Existe algo paradoxal na ideia de um delírio distributivo, e este é um paradoxo fecundo à psicanálise que tenciona interpretar os sintomas de seu tempo. O que soa paradoxal é, no fim das contas, que aquilo que sustentava a utopia comunista - uma comunidade de iguais, de irmãos - seja o ponto de maior angústia da direita. Neste ponto, a coisa merece estudo: é possível elaborar, no entanto, uma hipótese que caminha junto à noção de feminização do mundo que hoje está no centro das discussões no interior do campo freudiano. Trata-se de pensar que as entradas da cidade da lei tenham sido barbarizadas, de modo que cada gozo se condensa em seu próprio feudo. Sem fazer referência ao império, cada sujeito é rei de seu próprio latifúndio. Passar ao largo da lei, em matéria de gozo, significa acessar um gozo não-todo: a saber, um gozo que não é repartido e transmitido pelo Pai. Daí destaca-se a relevância de falar-se em capitais transnacionais: hoje o trabalho também é trans, já que a castração não é sentida como impedimentos numa carreira, mas como barragens no real aos ditames de um supereu furioso: empreenda!

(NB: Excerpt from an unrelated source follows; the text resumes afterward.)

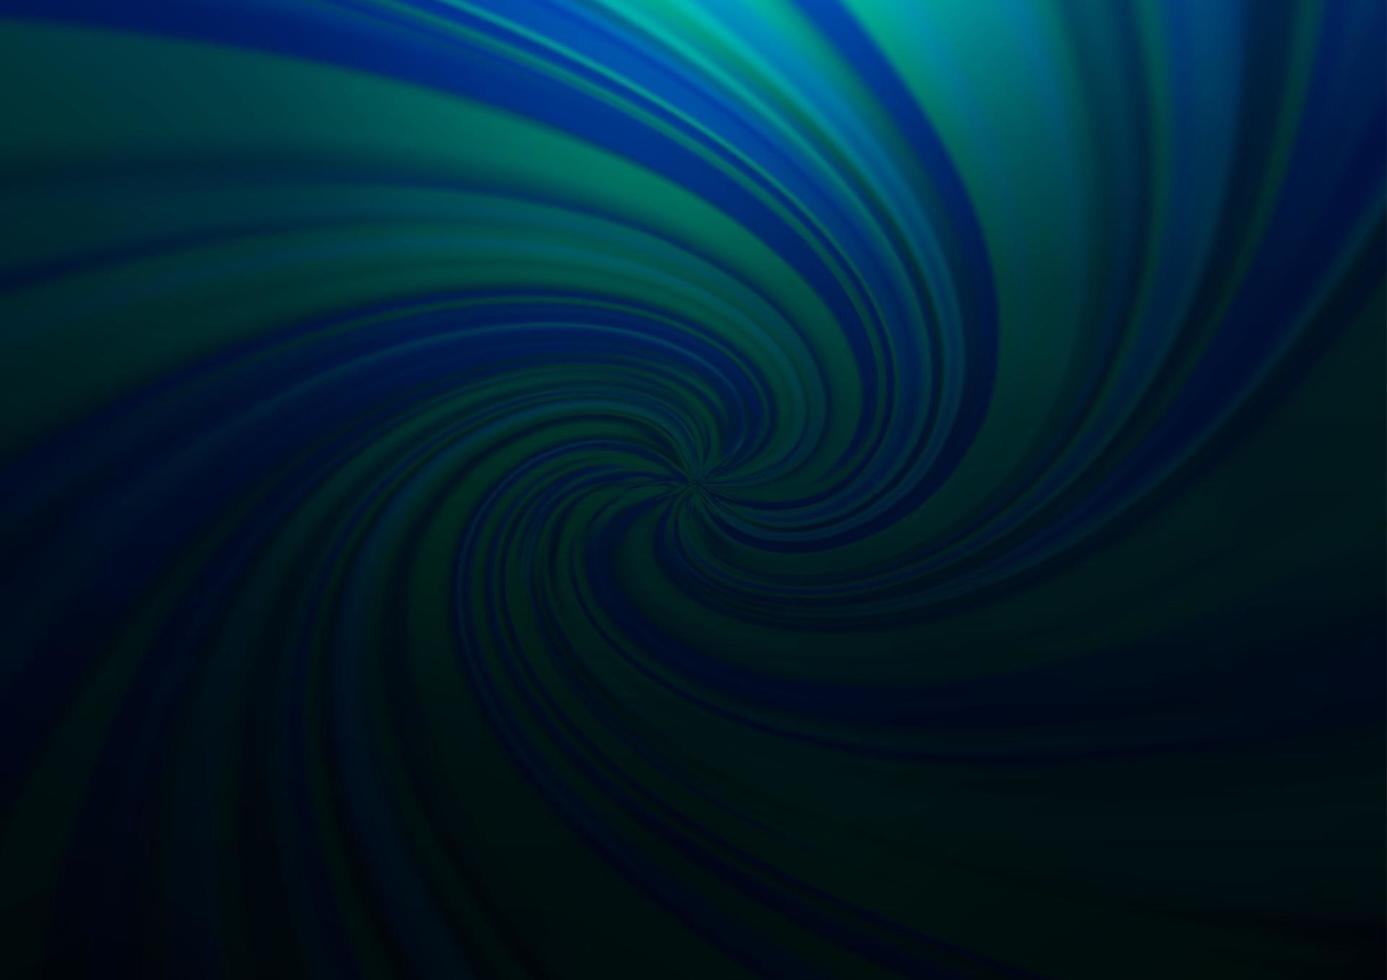 Dark BLUE vector blur pattern.

Aqui, resta supor que o delírio da direita faz inventar o viril de modo sintomático e a despeito da lei, como reação à evaporação do pai e à vizinhança do gozo. Em outras palavras, o Pai autoritário retorna triunfante - e com uma virilidade comicamente inventada, gambiarra fascista - como tampão ao trabalho feminizado. Outro famoso dito marxista afirmava que a história se repete duas vezes: uma como tragédia, a outra como farsa. Se antes o comunismo trazia ao cerne das discussões o rumo da civilização, hoje trata-se de remexer no gozo do Um-sozinho. Seja como for, Marx continua atual, e continua caminhando lado a lado com a psicanálise.
Referência:
BROUSSE, Marie-Heléne. Mulheres e discursos. Rio de Janeiro: Contra Capa, 2019.